Certains écrivains et historiens anciens semblent avoir confondu, dans une lettre de l'empereur Hadrien, une référence aux dévots de Sérapis qui s'appelaient eux-mêmes "évêques du Christ" avec les adeptes qui se désignaient en fait comme "évêques du Sauveur", Sérapis, car les chrétiens n'avaient rien à voir avec le culte de Sérapis. Il est également possible qu'Hadrien lui-même ait mal compris ou confondu le culte de Sérapis avec celui du Christ, les deux étant axés sur un rédempteur et le don de la vie éternelle après la mort.

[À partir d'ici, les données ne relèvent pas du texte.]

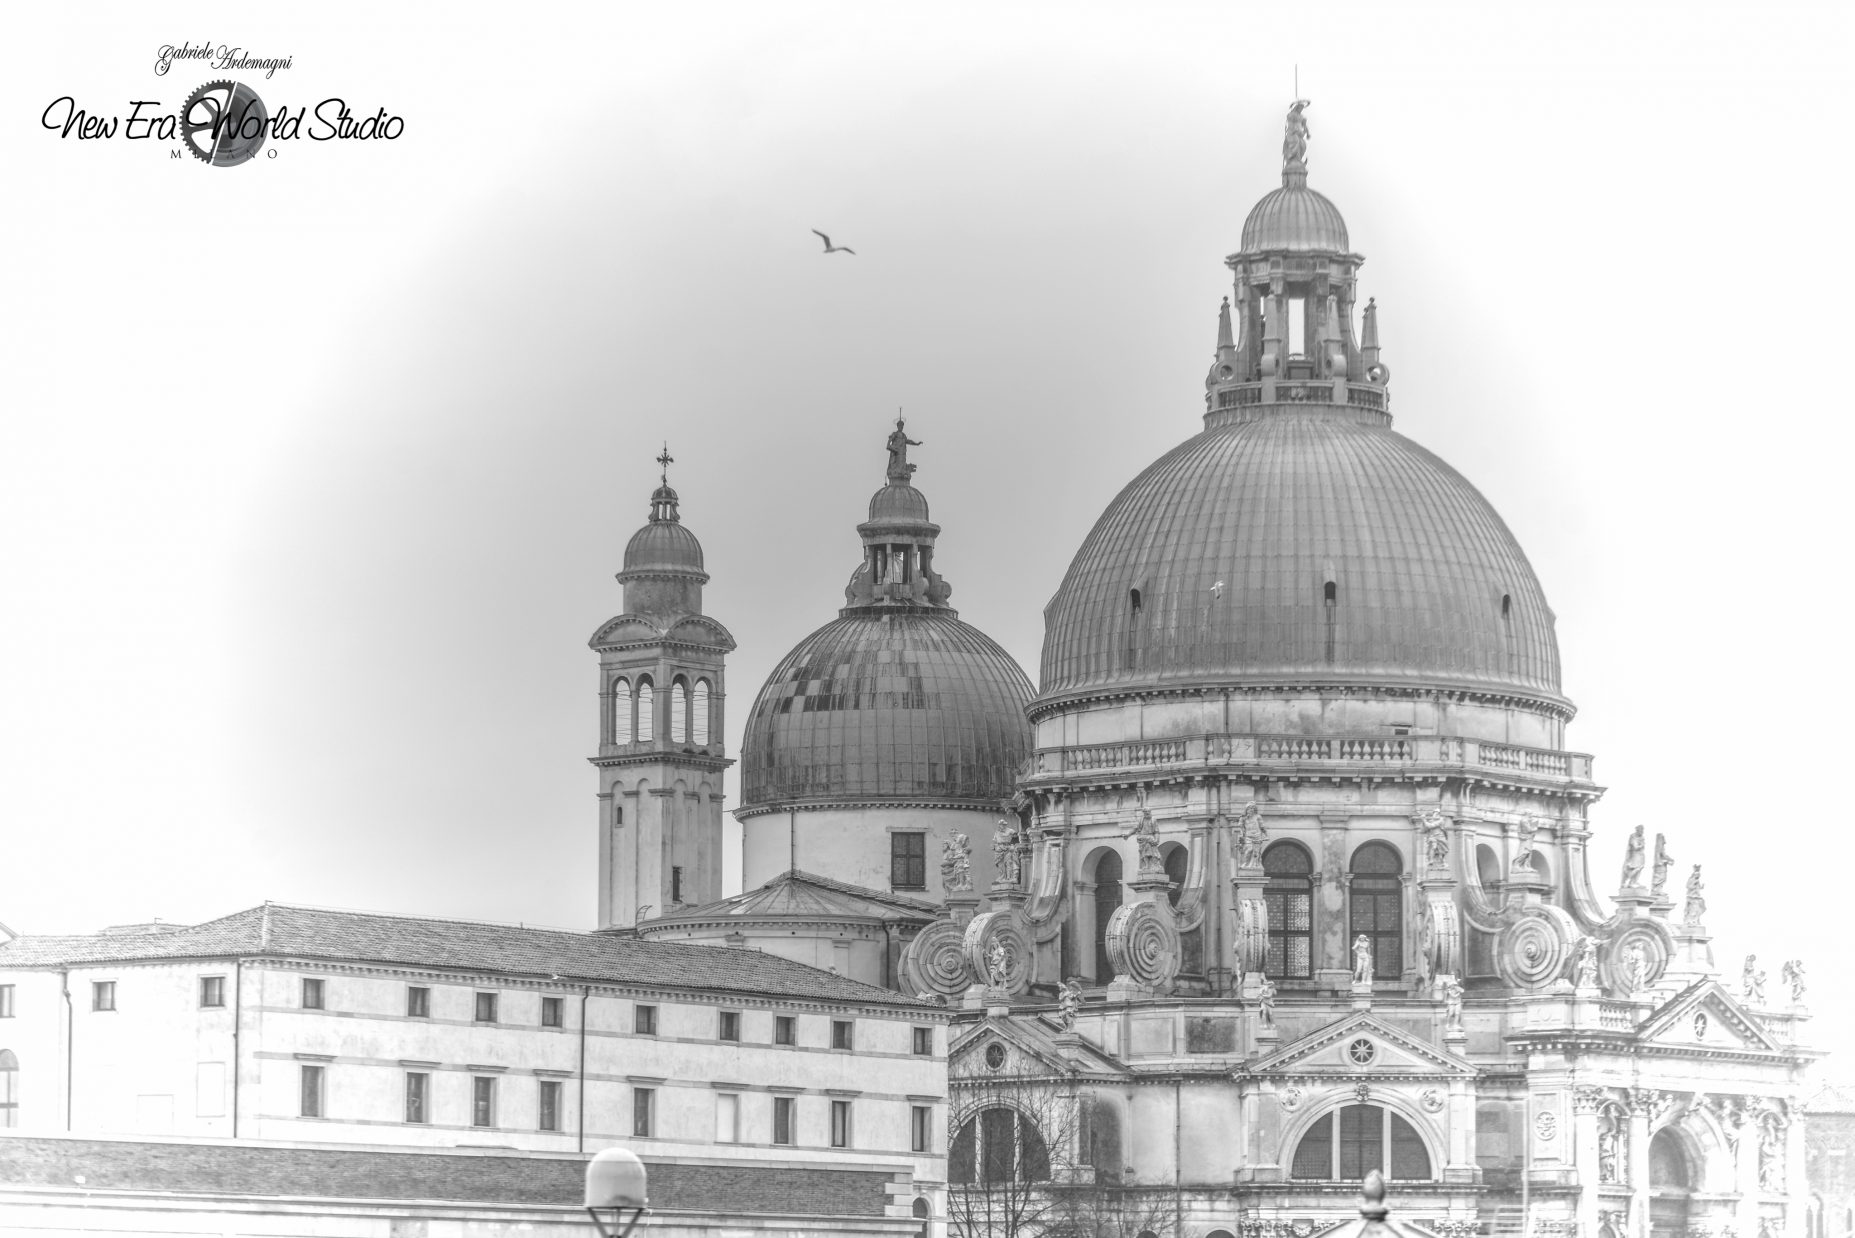 Venice Black & White Foto by Gabriele Ardemagni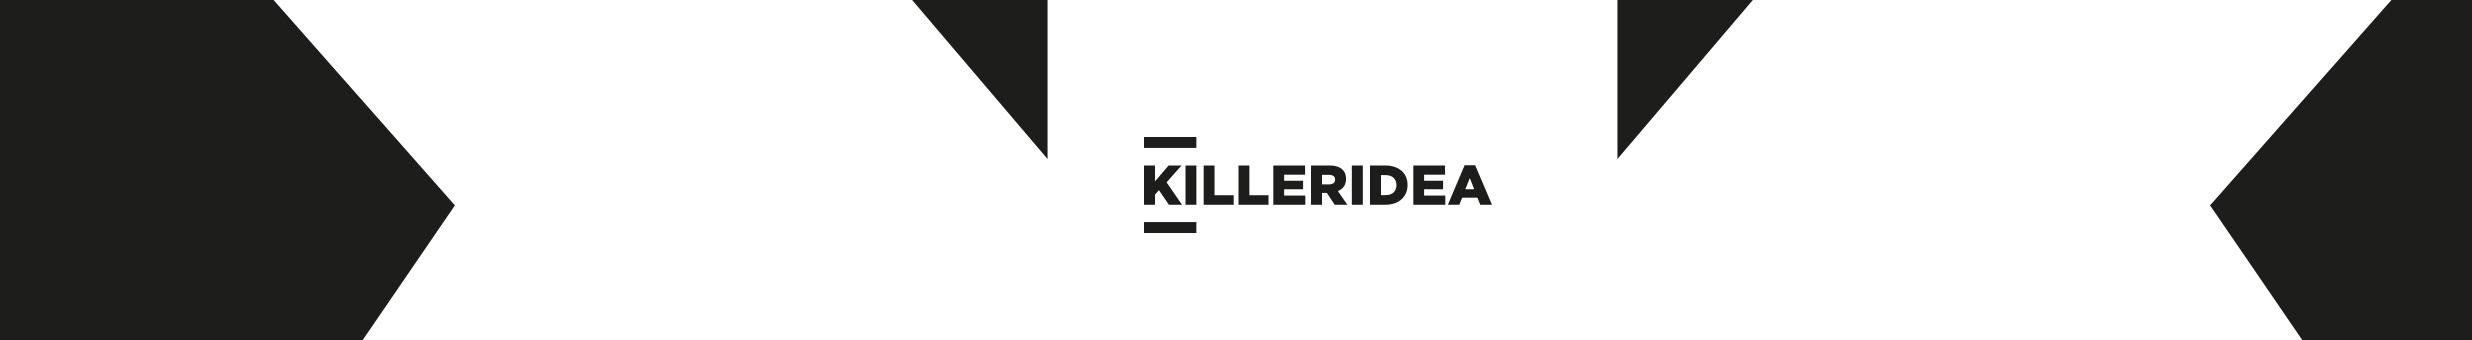 Killeridea creative's profile banner

Le culte était encore populaire à la fin du IVe siècle de notre ère lorsque l'empereur chrétien Théodose Ier commença à persécuter les cultes païens par le biais d'une série de décrets. En 381, il interdit certains types de divination, mais les temples païens furent toujours autorisés à fonctionner plus ou moins comme avant. Entre 389 et 391 de notre ère, Théodose Ier déploya toutefois des efforts plus concertés pour éradiquer le paganisme en adoptant les décrets de Théodose, qui rendirent de plus en plus indéfendable la pratique de rituels non chrétiens.
En 391, ces décrets encouragèrent les émeutes anti-païennes d'Alexandrie au cours desquelles les images de Sérapis sur les maisons et les bâtiments publics furent enlevées de force et remplacées par la croix chrétienne, malgré l'opposition des propriétaires ou des habitants. La même année, ou peut-être en 392, une foule chrétienne inspirée par le patriarche Théophile détruisit le Serapeum d'Alexandrie, mettant fin au culte de Sérapis; les temples survivants furent ensuite transformés en églises, et Sérapis fut oublié avec les autres dieux remplacés par le christianisme.